What is being asked » With pictures left out, output word for word the lines from the one containing "Main view of" through the end of the material below.

Raw data »
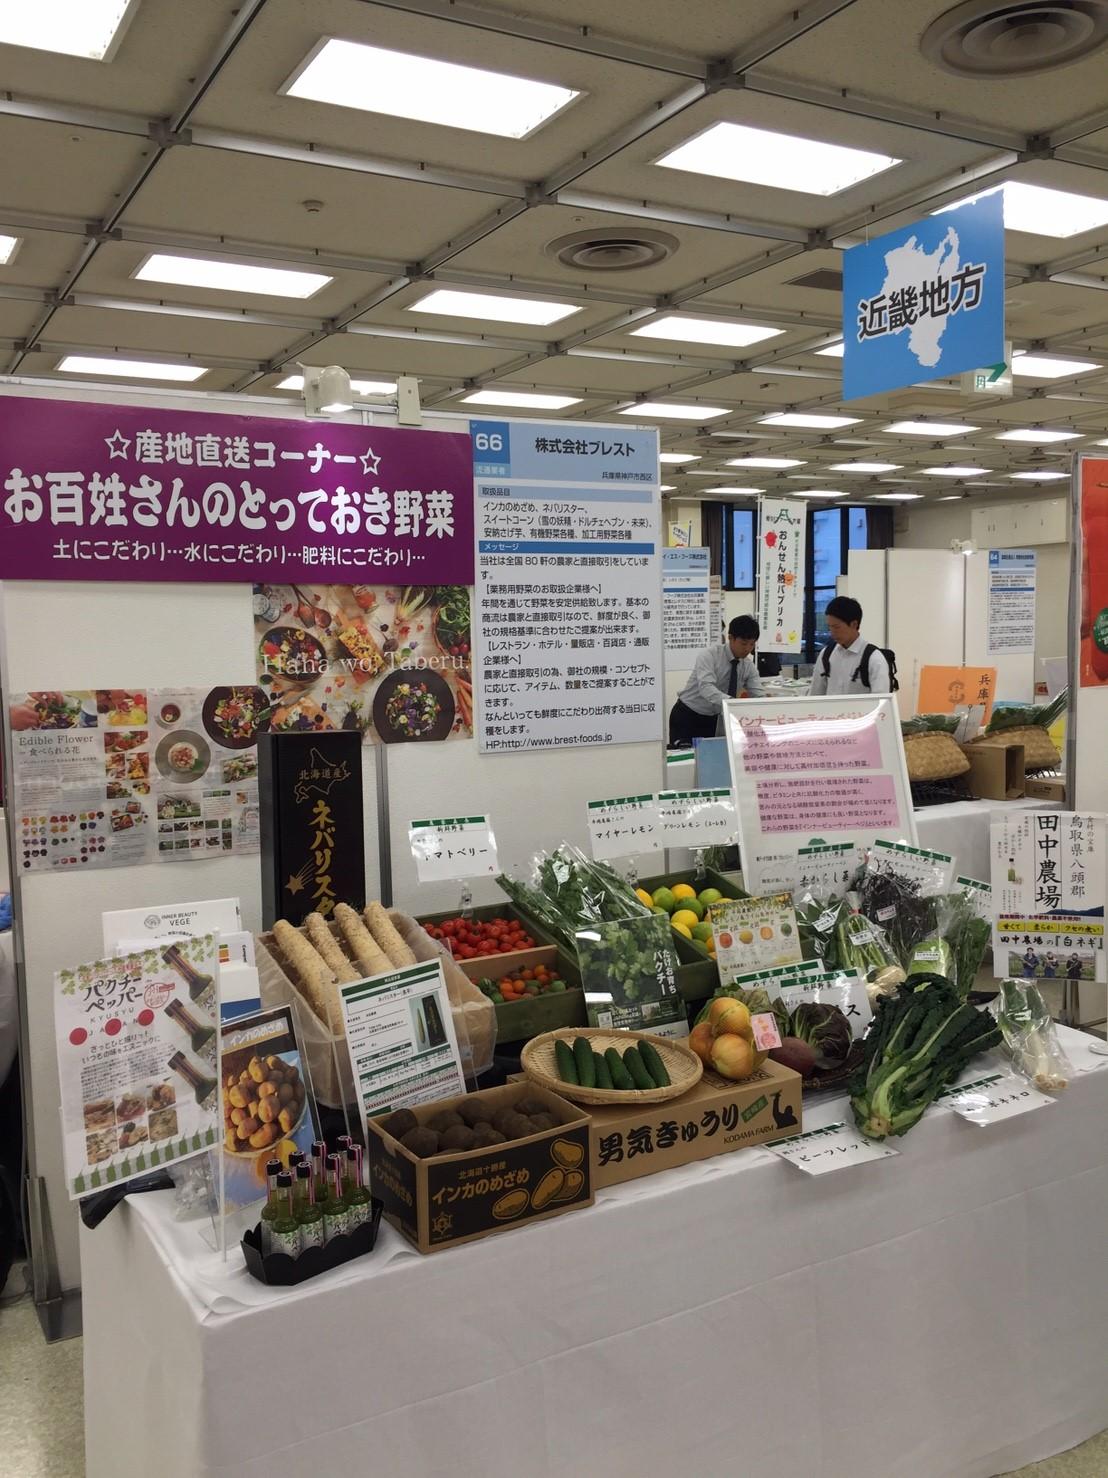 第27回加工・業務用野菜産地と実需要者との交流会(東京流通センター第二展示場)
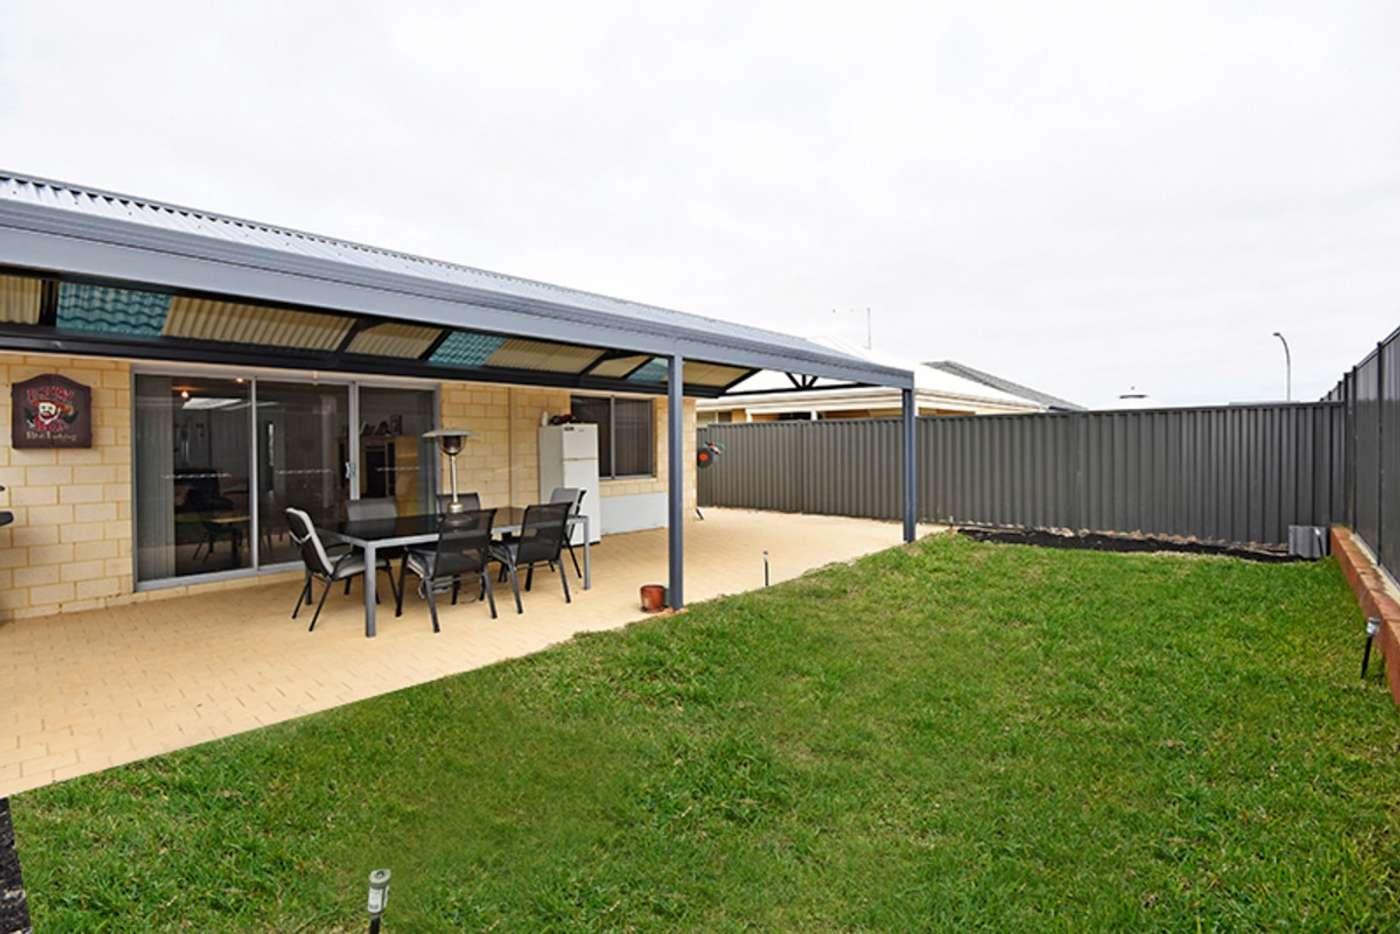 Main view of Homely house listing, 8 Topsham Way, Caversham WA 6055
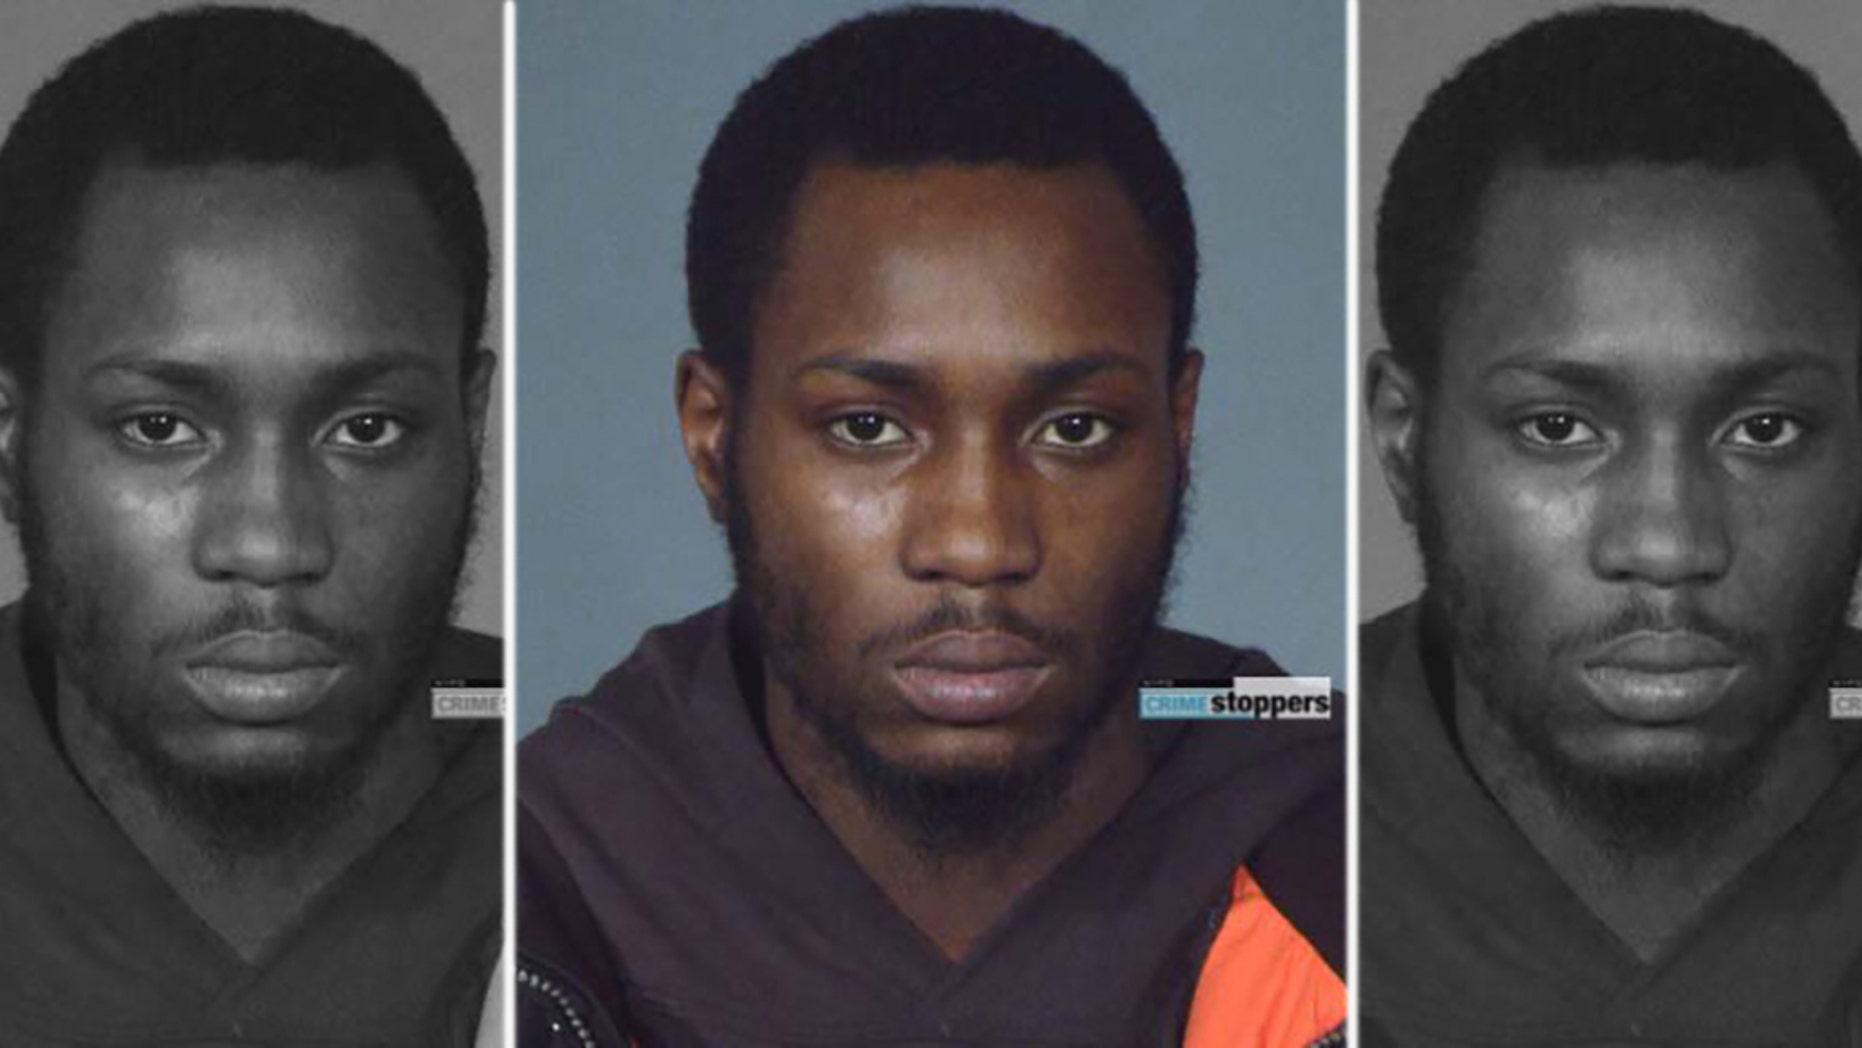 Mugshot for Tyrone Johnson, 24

Solved exercise »
 Main view of Homely house listing, 8 Topsham Way, Caversham WA 6055
 Mugshot for Tyrone Johnson, 24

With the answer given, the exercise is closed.